Iklan fesyen yang ditargetkan pada wanita yang menggambarkan pandemi sebagai semacam ” staycation ” misalnya, duduk tidak nyaman di sebelah laporan berita tentang wanita yang meninggalkan angkatan kerja di bawah beban berat pengasuhan anak dan pekerjaan rumah tangga.

Iklan rokok elektrik yang mendorong konsumen untuk menggunakan vaping “untuk kesehatan Anda” mengundang reaksi keras ketika rumah sakit dipenuhi pasien COVID yang menggunakan ventilator.

Beberapa perusahaan bahkan memprovokasi konsumen dengan mengejek parahnya pandemi, termasuk resor ski Italia yang mengundang para pelancong untuk “mengalami gunung dengan paru-paru penuh” di tempat “di mana perasaan hebat itu menular”. Di tempat lain, perusahaan media sosial berjuang untuk menghilangkan informasi yang salah dari “influencer” yang disewa oleh merek kesehatan untuk mempromosikan produk yang belum teruji sebagai obat COVID-19.

Bahkan iklan-iklan yang menanggapi pandemi secara serius menemukan diri mereka berada di tempat yang goyah.
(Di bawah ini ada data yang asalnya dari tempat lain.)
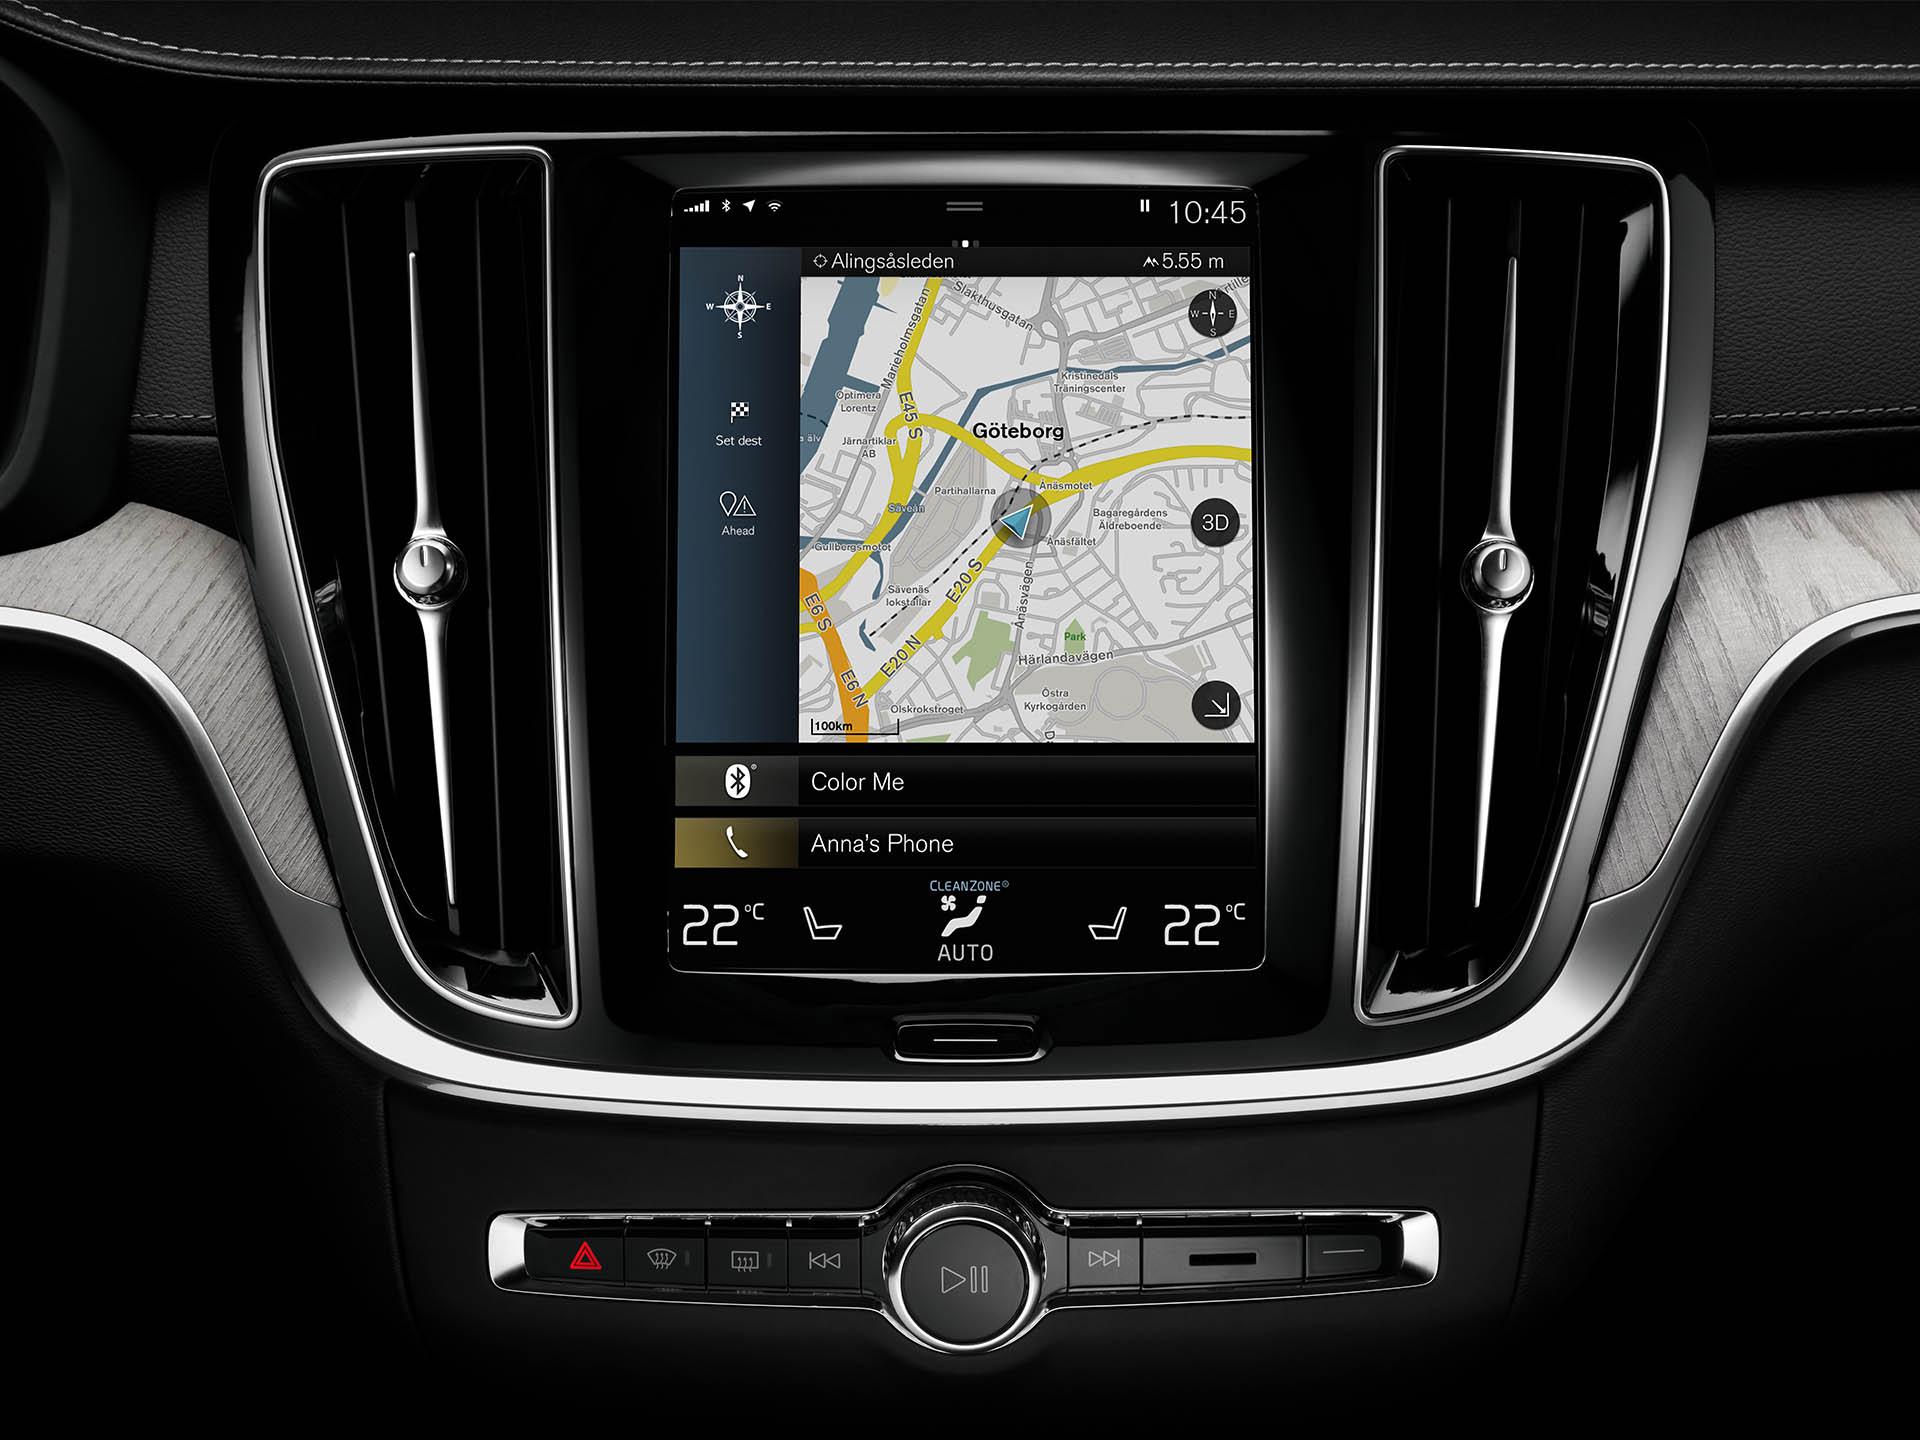 Volvo 내에 설치된 통합 연결 시스템은 Gothenburg 시내 지도가 디스플레이합니다

Ketika Inggris keluar dari penguncian pertamanya, merek pembersih Dettol menjadi viral (dengan cara yang salah) ketika tampaknya mendorong para penumpang untuk kembali ke kantor. Beberapa konsumen menggabungkan iklan tersebut dengan iklan layanan masyarakat pemerintah yang mempromosikan belanja sebagai cara untuk meningkatkan perekonomian.

Kesalahpahaman itu mengandung kebenaran, karena Dettol adalah mitra perusahaan pemerintah untuk sanitasi transportasi umum. Memang, beberapa merek dalam penelitian kami menyebutkan kemitraan dengan pemerintah sebagai salah satu manfaat dari krisis. Sementara itu, iklan yang mendorong konsumen untuk berbelanja untuk “membantu” membangun kembali ekonomi (dan perusahaan di dalamnya) menjamur.

Iklan yang membahas masalah sosial adalah hal biasa, tidak hanya terkait dengan COVID, tetapi juga berbagai penyebab di mana konsumen diarahkan untuk melihat solusi perusahaan untuk segala hal mulai dari kemiskinan hingga perubahan iklim .

Mengkonsumsi dengan hati nurani?

Penelitian kami menunjukkan iklan semacam itu sering dirancang untuk memengaruhi cara masyarakat memahami masalah sosial, dan mendorong orang untuk memikirkan konsumsi etis sebagai cara untuk membantu.

Seperti yang dikatakan orang lain, pemasaran semacam itu terkait dengan tujuan baik “menciptakan kesan memberi kembali, menyamarkan fakta bahwa itu sudah didasarkan pada mengambil”. Konsumen dapat dihalangi untuk mengkampanyekan perubahan yang lebih radikal, percaya bahwa mereka telah memainkan peran mereka melalui pembelian yang “beretika”.

Salah satu contoh yang umum adalah ketika perusahaan menyombongkan diri bahwa persentase hasil dari produk tertentu digunakan untuk tujuan sosial. Jumlah yang disumbangkan seringkali kecil sementara pendapatan yang dihasilkan produk baru bagi perusahaan cukup besar.

Seperti yang dikatakan oleh komentator lain: “Jika kita bersikeras bahwa ini adalah satu-satunya cara untuk secara efektif mengatasi masalah sosial besar-besaran, kita mengundurkan diri ke dunia yang didikte oleh impuls konsumen”.

Bagaimana Selama Pandemi Perusahaan Lain Bertahan?

Risikonya, dengan melampirkan isu sosial ke kampanye iklan, cukup besar bagi perusahaan, konsumen, dan penyebabnya sendiri. Penelitian kami menunjukkan bahwa tidak setiap waktu adalah waktu yang tepat untuk beriklan. Kita harus waspada terhadap merek yang membawa hadiah.